In a new study, the researchers have used electromyography to measure blink frequency, duration and amplitude in blepharospasm patients while they read for five minutes at a time with regular eyeglasses, glasses with a light gray tint or glasses with an FL-41 tint. The results are still being analysed, but Dr. Katz said they appear to provide more objective evidence that FL-41 does reduce blepharospasm.
"FL-41 lenses are noninvasive, they have no side effects and they're not expensive," Dr. Katz added. "So it's a cheap, easy way to improve the lives of these patients, who in some cases are very disabled by their disease."
Be sure glasses block blue-green.

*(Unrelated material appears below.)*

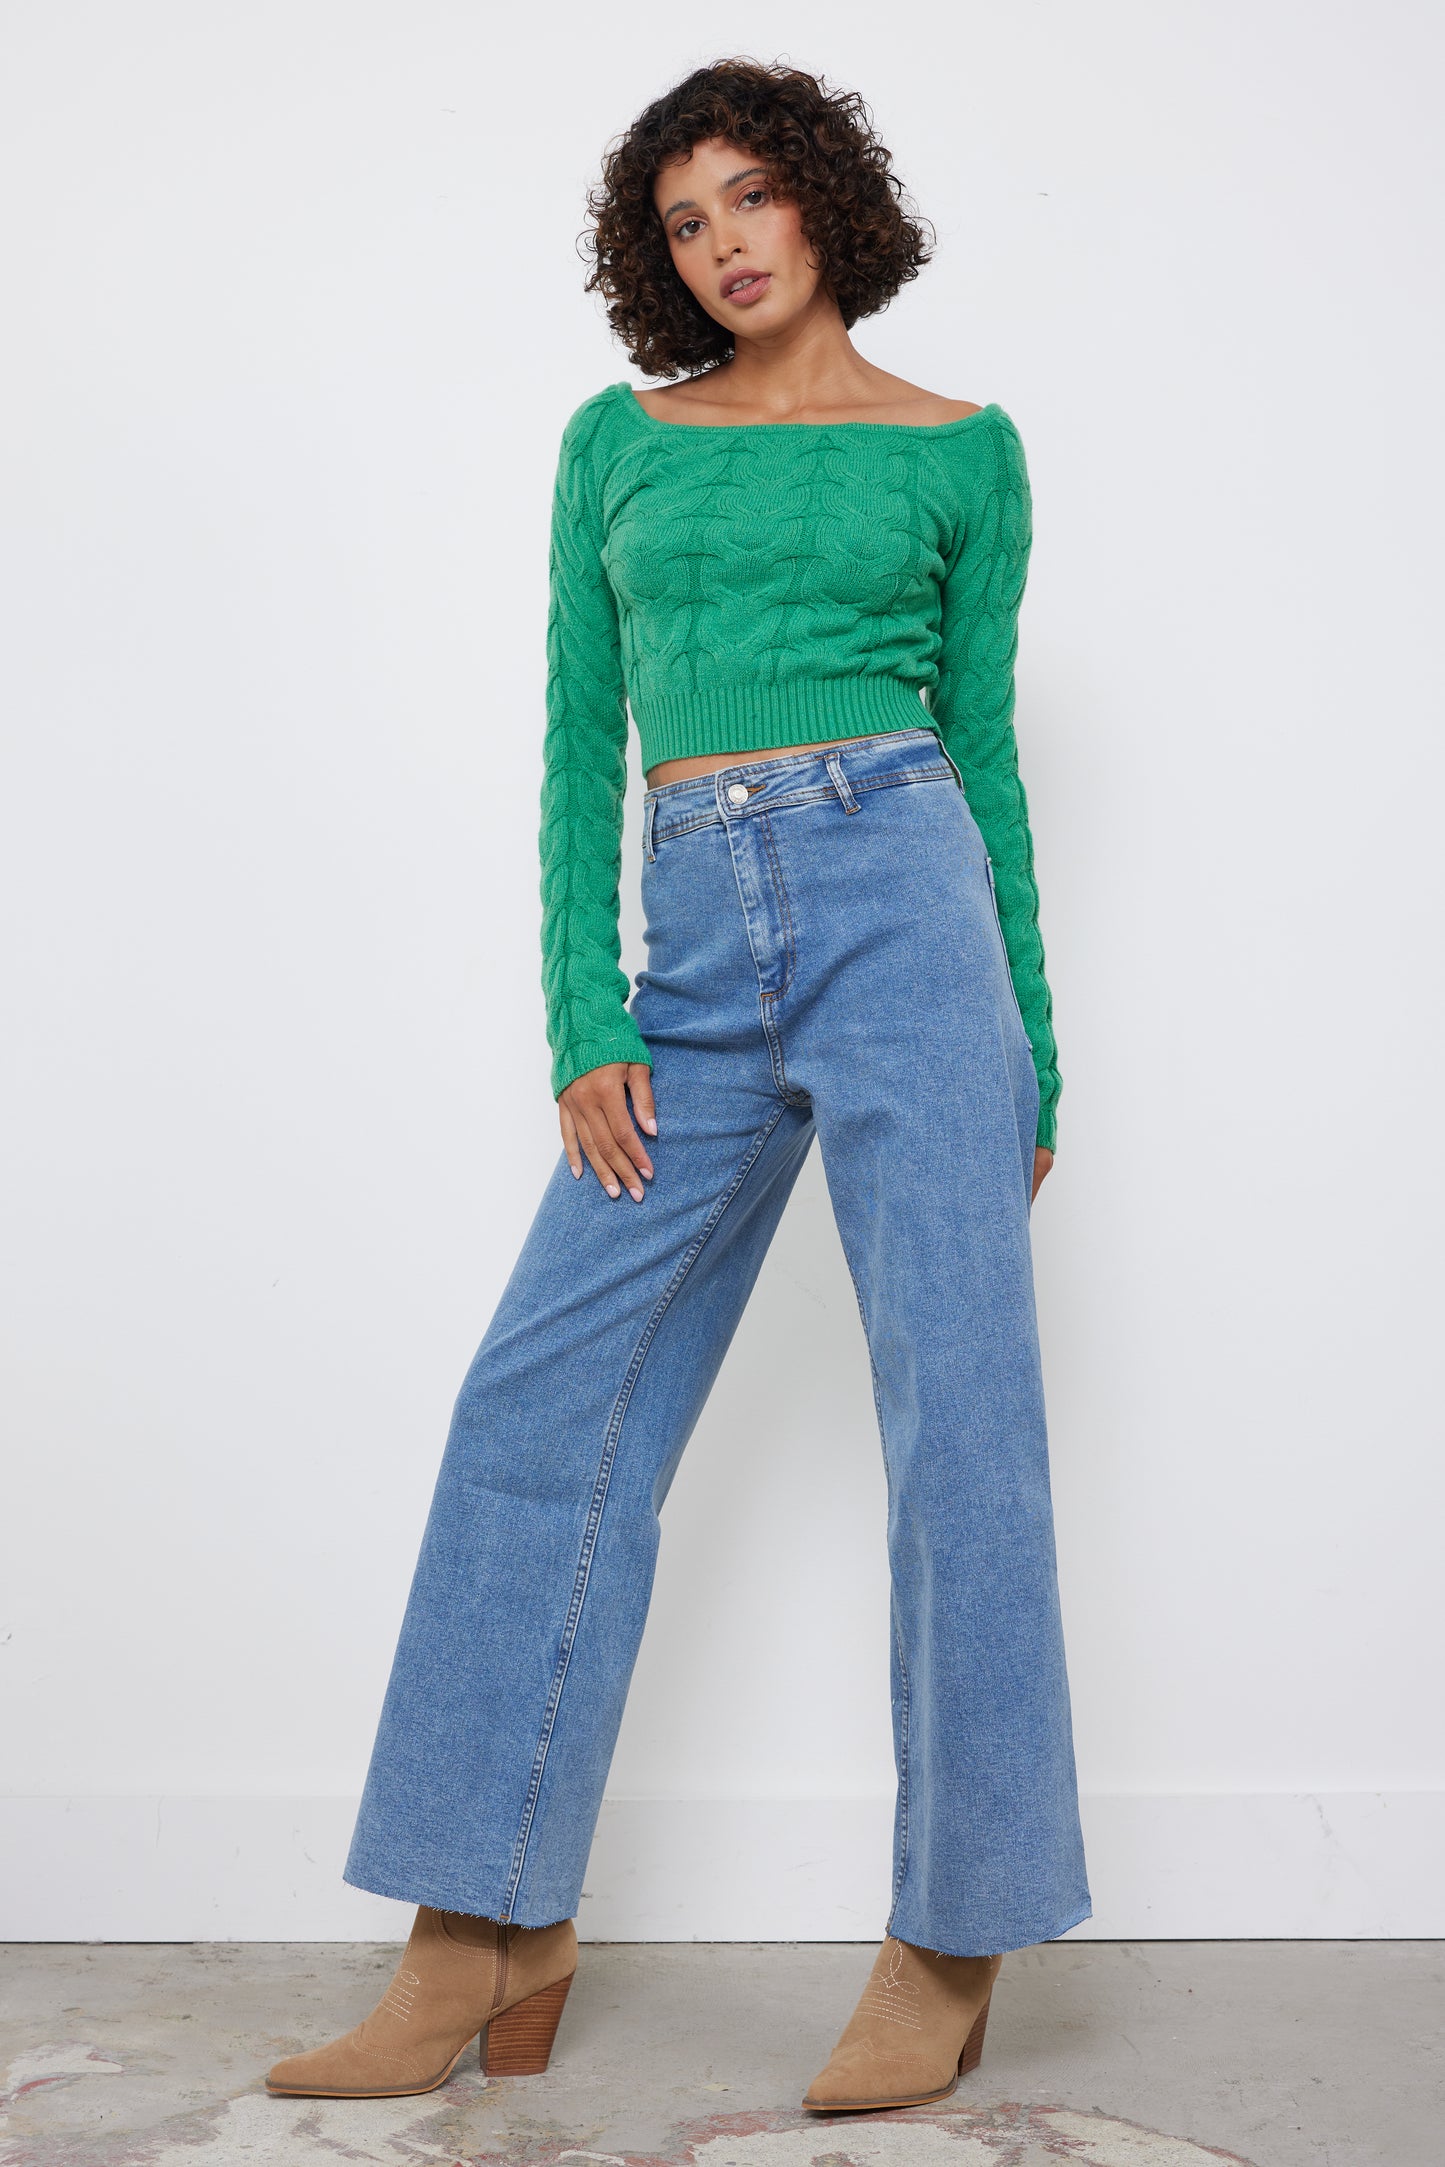 All Things Sweet Kelly Green Top

FL-41 lenses are available in optical shops, but Dr. Digre cautioned that some so-called FL-41 lenses are not the real thing. "You really have to know who your supplier is in order to know whether the lenses are real or not," she said. "Some lenses can look like FL-41, but they don't act like it. We have done spectral analysis of our lenses to make sure they are blocking the right light."
Where does photosensitivity research go from here? Dr. Katz said more research is needed at the basic science level. "Work with animal models of light sensitivity will help determine the anatomical pathway that controls the sensitivity. Once we better understand the wiring of light sensitivity, we'll be able to treat it better."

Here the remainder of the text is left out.